Выговор за потасовку оказался ещё половиной беды: пришлось рассказать, из-за чего всё стряслось. Когда всплыли подробности, мать схватила полотенце и в сердцах отхлестала им Крылинку по всем местам, какие ей подворачивались.

– Так я и знала, что не доведут до добра эти посиделки! И куда ты теперь с такой славой подашься? Кто тебя в жёны возьмёт?

– Так Воята же созналась, что соврала! – вскричала Крылинка, закрываясь руками.

– Молва всё переиначит по-своему, всё наизнанку вывернет, стоит только словечко заронить пустобрёхам – уж они его погонят по белу свету! – уронив полотенце, расплакалась мать.

Разумеется, она всё рассказала Медведице, когда та пришла из мастерской на обед. Вместо того чтобы присоединиться к супруге и отругать дочь, глава семейства расхохоталась.

– Молодец, девка! Сумела за себя постоять. А как же иначе? Обидчикам спускать с рук нельзя. Умница, доченька... Одной всыпала – остальным неповадно будет тебя задевать. А ежели кто снова забудется, так ты покажи, как ты умеешь кочерёжки гнуть...

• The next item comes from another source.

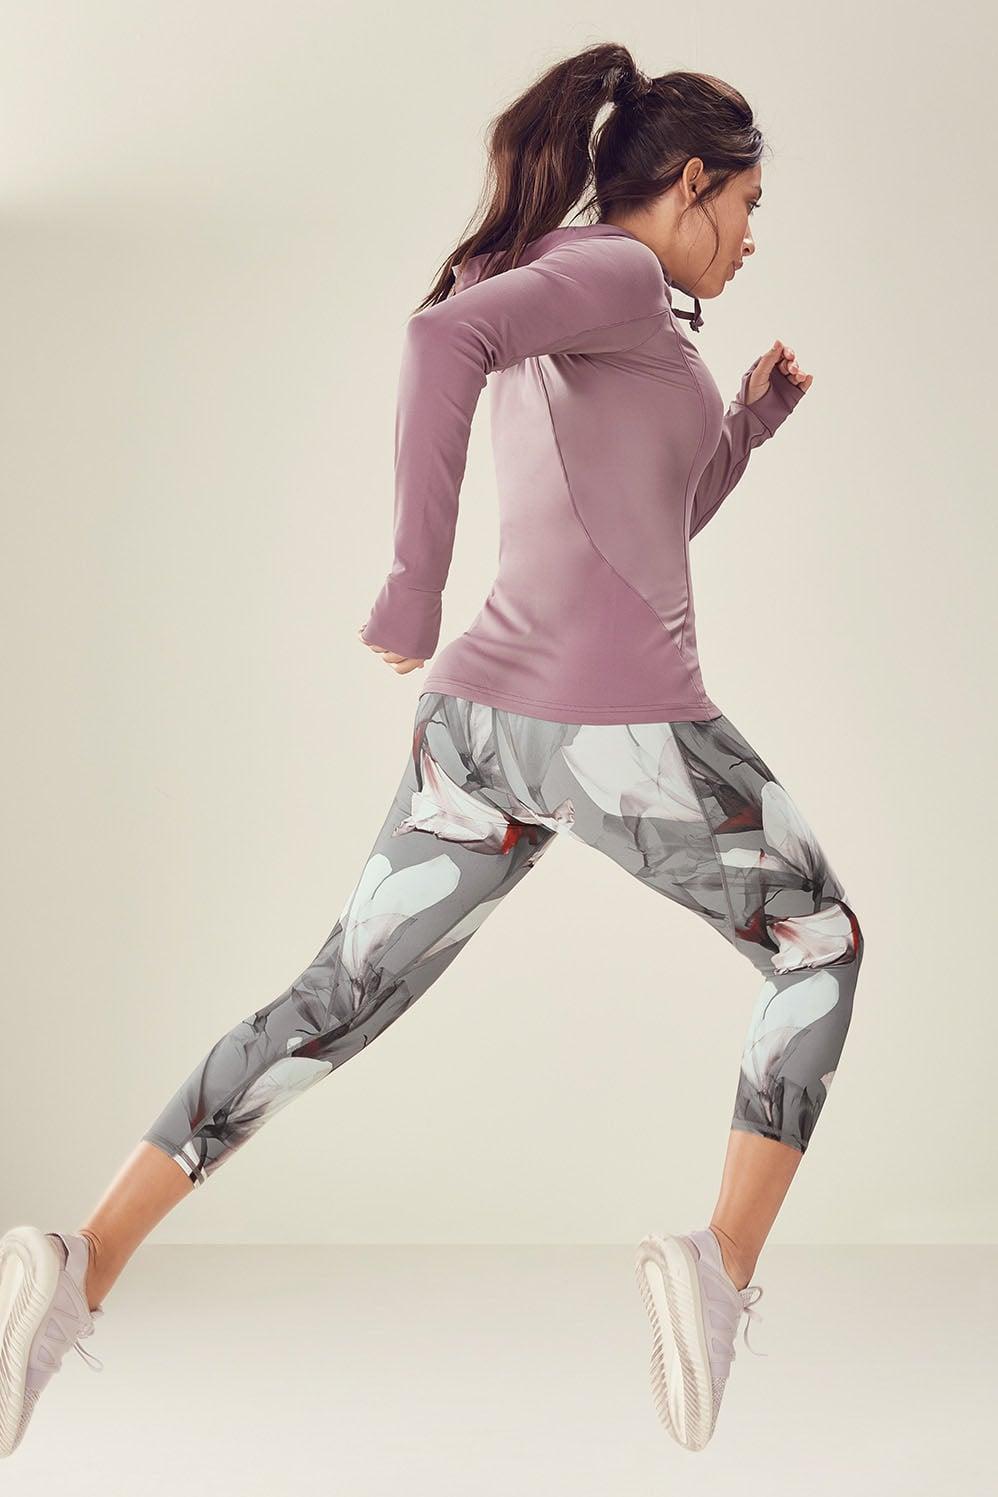 efc2a1025611da Why Fabletics Leggings Are the World's Best Leggings | POPSUGAR Fitness

Украшала ли такая сила девушку-невесту? Иногда Крылинке хотелось быть послабее, понежнее, чтобы не самой за себя стоять, а быть под защитой у доброй и благородной кошки – не такой, как Воята, а намного лучше и порядочнее. После случившегося мать запретила ей посещать гулянья, да ей и самой надолго расхотелось веселиться. На молодых кошек Крылинка смотреть не могла: всюду ей мерещился подвох... Однако суженую – ту самую, единственную – она втайне всё же ждала. А кто не ждал?

Долго не слышали под навесом заразительного смеха Крылинки: загрустив, она совсем забросила посиделки и предпочитала свободное от домашней работы время проводить в своём саду за рукодельем. Миновал год, и подкрался на кошачьих лапах Лаладин день, ознаменованный большой гульбой молодых жительниц Белых гор, ищущих себе пару. «Не пойду», – решила Крылинка, затаив в сердце тоску и хмуря брови. Подружки много раз приходили и звали её, но она отказывалась:

– Матушка не велит.

Впрочем, матушка была уже готова отказаться от своего запрета, видя, что Крылинка в последнее время стала сама не своя – погрустнела, осунулась, замкнулась в себе и забыла, что такое смех... Шумный и пёстрый праздник перевалил за свою половину, когда она сама подошла к Крылинке и предложила:

– Иди, дочка, сходи... Весь век в светёлке ведь не просидишь. Свою судьбу искать как-то надо.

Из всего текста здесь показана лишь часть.